Жандармский корпус отозвался на происшествие почти мгновенно, и город наводнился голубыми мундирами – как будто в Пятигорске неожиданно осела для отдыха стая перелетных птиц. Впрочем, на ход исследования по делу они никакого влияния не оказывали – больше служили для нервирования некоторых членов пятигорского общества.

В середине дня, под палящим июльским солнцем, комиссия следователей отправилась осматривать место поединка. Оба секунданта находились при этом и показывали путь, давая по мере надобности объяснения.

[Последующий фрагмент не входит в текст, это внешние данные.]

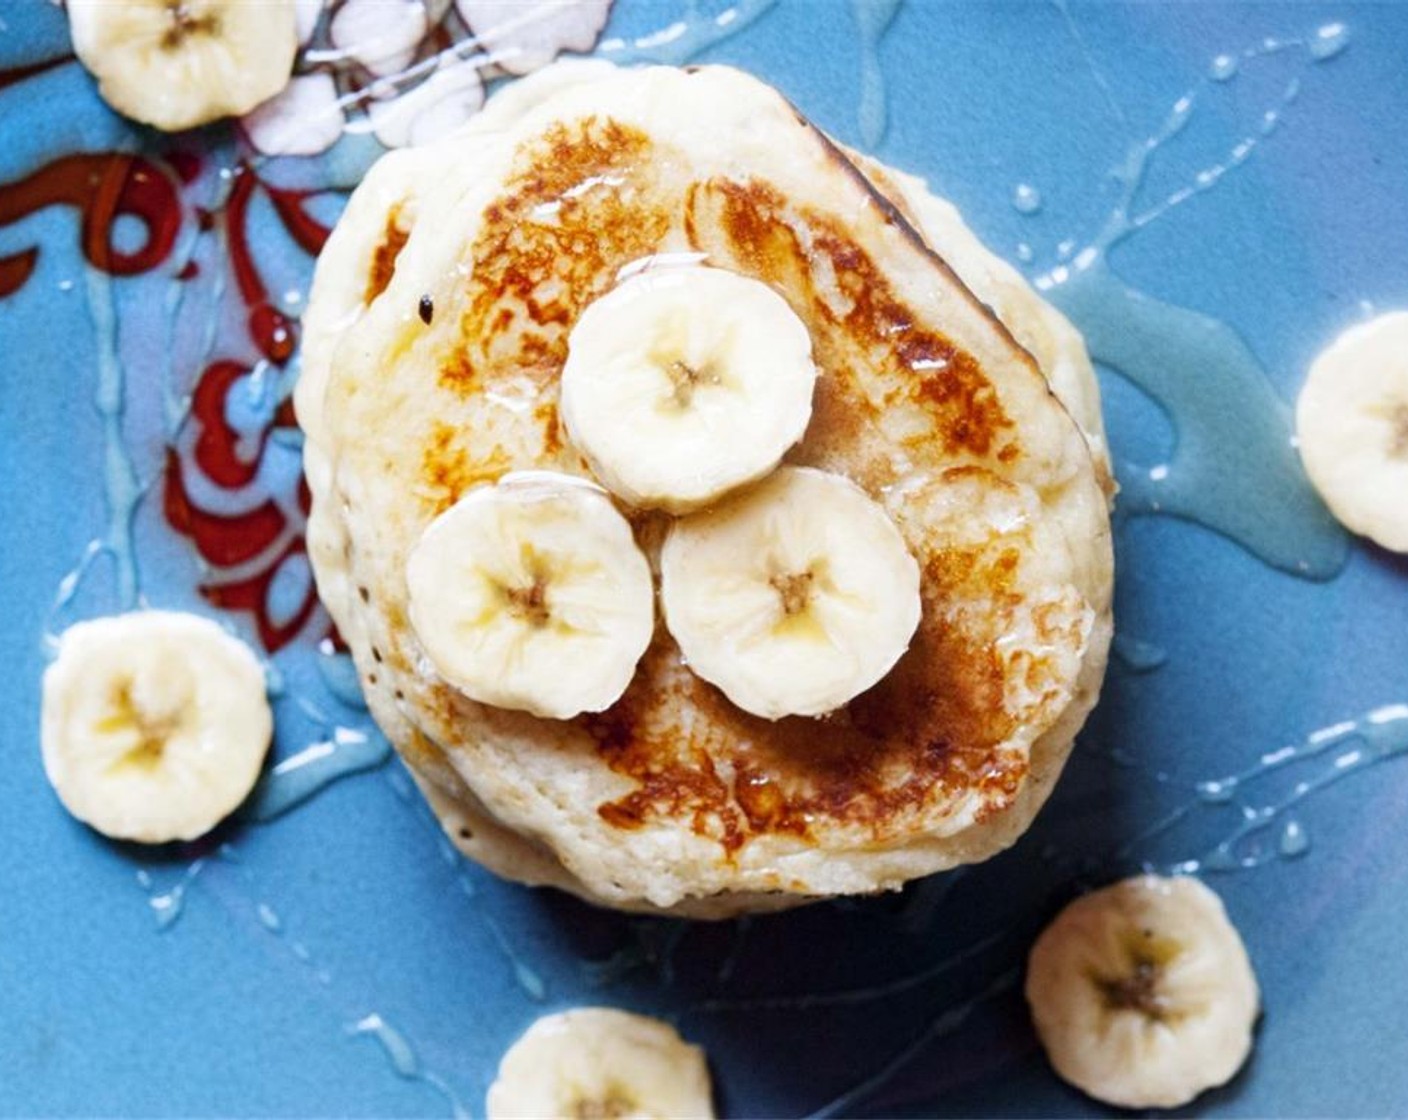 step 7 Slice up the remaining bananas and use it to decorate your pancakes. Drizzle some Maple Syrup (to taste) and serve. Enjoy!

Странно было ехать по тому же пути и видеть те же горы как бы при новом свете. Отсутствие в мире Мишеля никак не сказалось на обличии природы: никаких перемен, и скоро исчезнут последние следы случившегося…

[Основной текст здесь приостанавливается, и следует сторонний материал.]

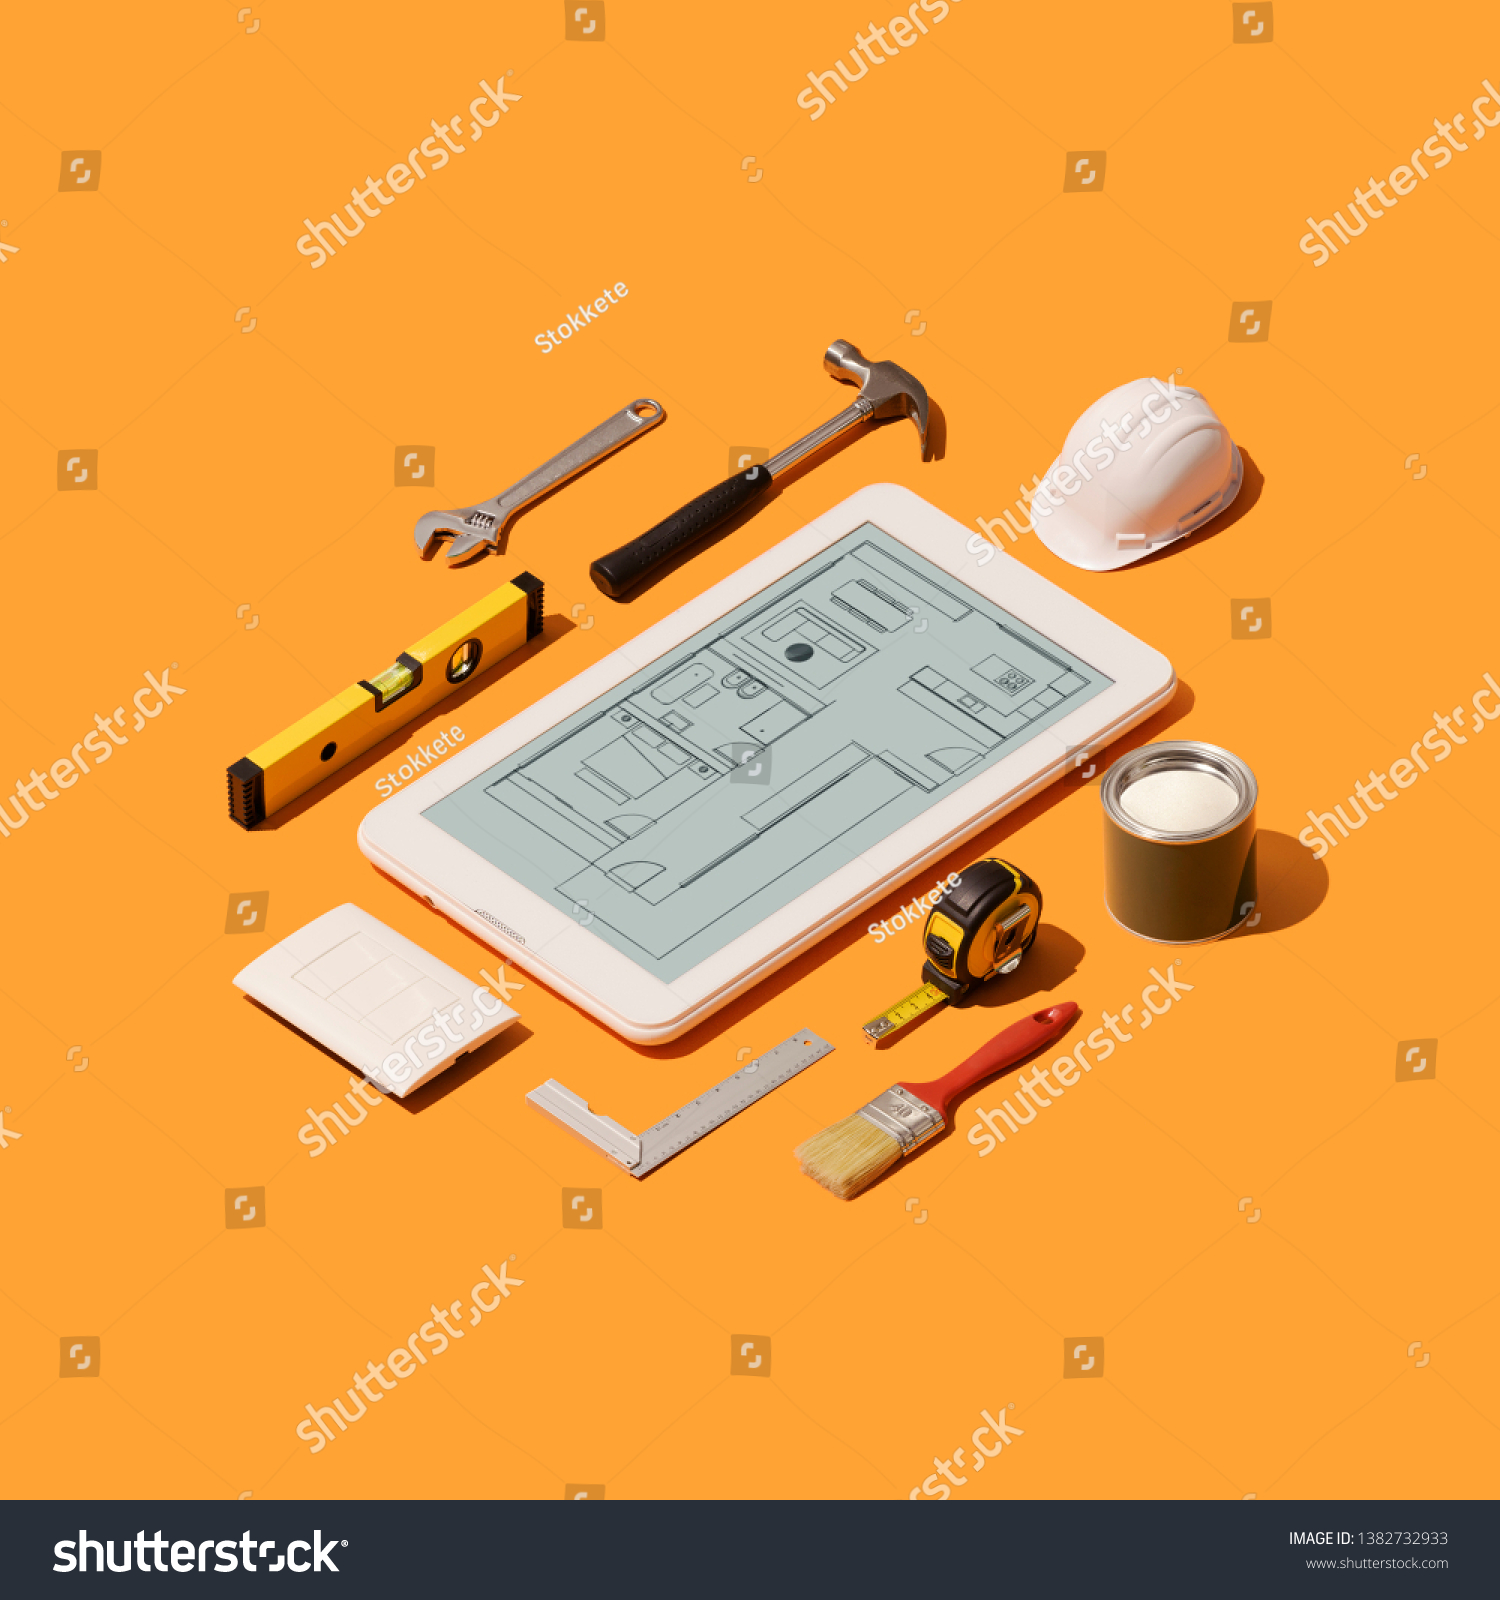 Home renovation and project design app on a touch screen tablet and isometric DIY construction tools on a smartphone #1382732933

Васильчиков приблизился к корнету Глебову. Унтилов видел, однако не препятствовал, и Васильчиков негромко сказал:

– Будем показывать в защиту оставшегося…

«Оставшийся» – Мартынов – до сих пор находился в остроге и к месту поединка не ездил.

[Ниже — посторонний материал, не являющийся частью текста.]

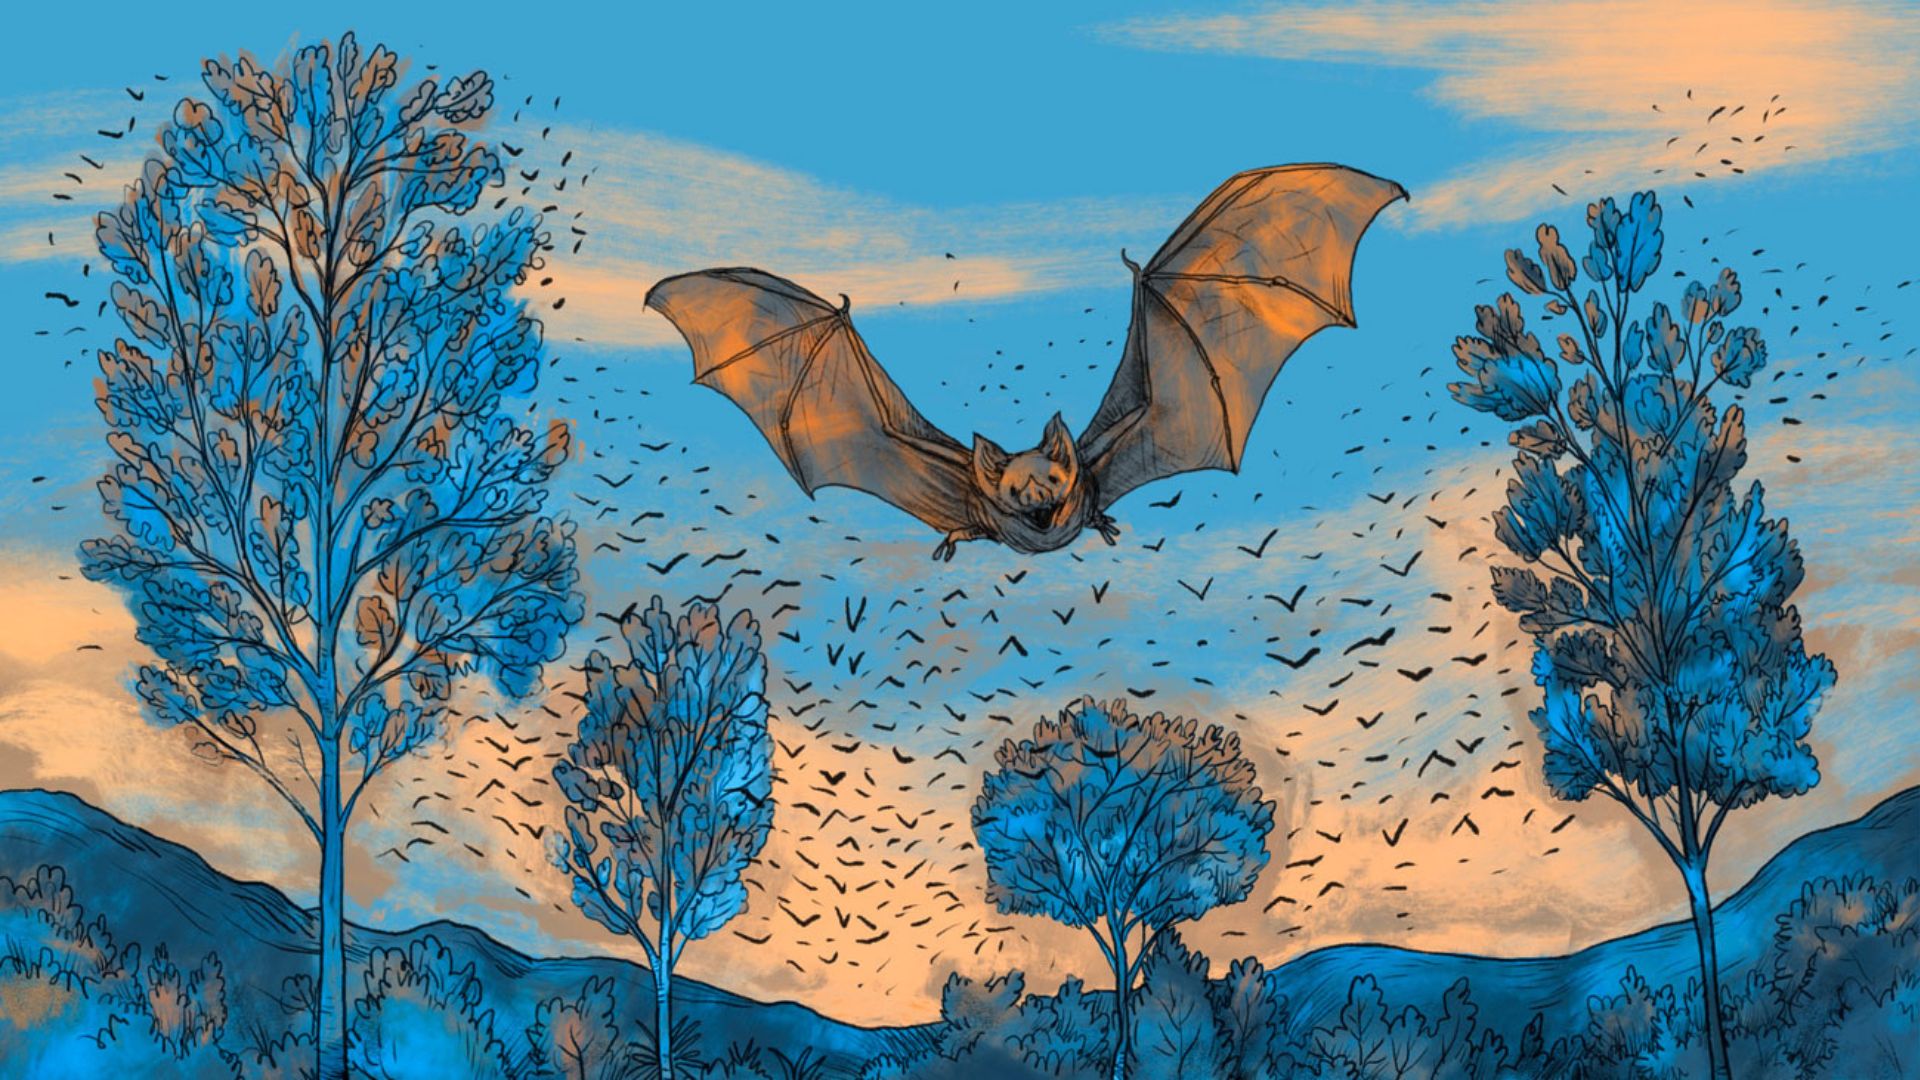 THE BAT LANDS THE NEXT PANDEMIC MAY COME FROM BATS. REUTERS INVESTIGATES WHERE.

Глебов молча кивнул. Князь глянул на него искоса с хорошо скрытым сожалением: что честен – не всегда удобно, зато доверчив – цены такому нет.

Глебов вздохнул, отвернулся, стал смотреть на дорогу. Он всё чуть морщился, как будто от небольшой боли. Дорога вильнула, окончательно спрятав вдали город, и в дрожащем воздухе предстали новые разноцветные горы: сейчас они казались лепестками гигантского цветка. Подвижный, все время изменяющийся горизонт завораживал. Пыль, прибитая вчерашней грозой, снова воспряла, и к середине дня дорога пахла одуряюще: пылкими камнями и особенной горькой травой.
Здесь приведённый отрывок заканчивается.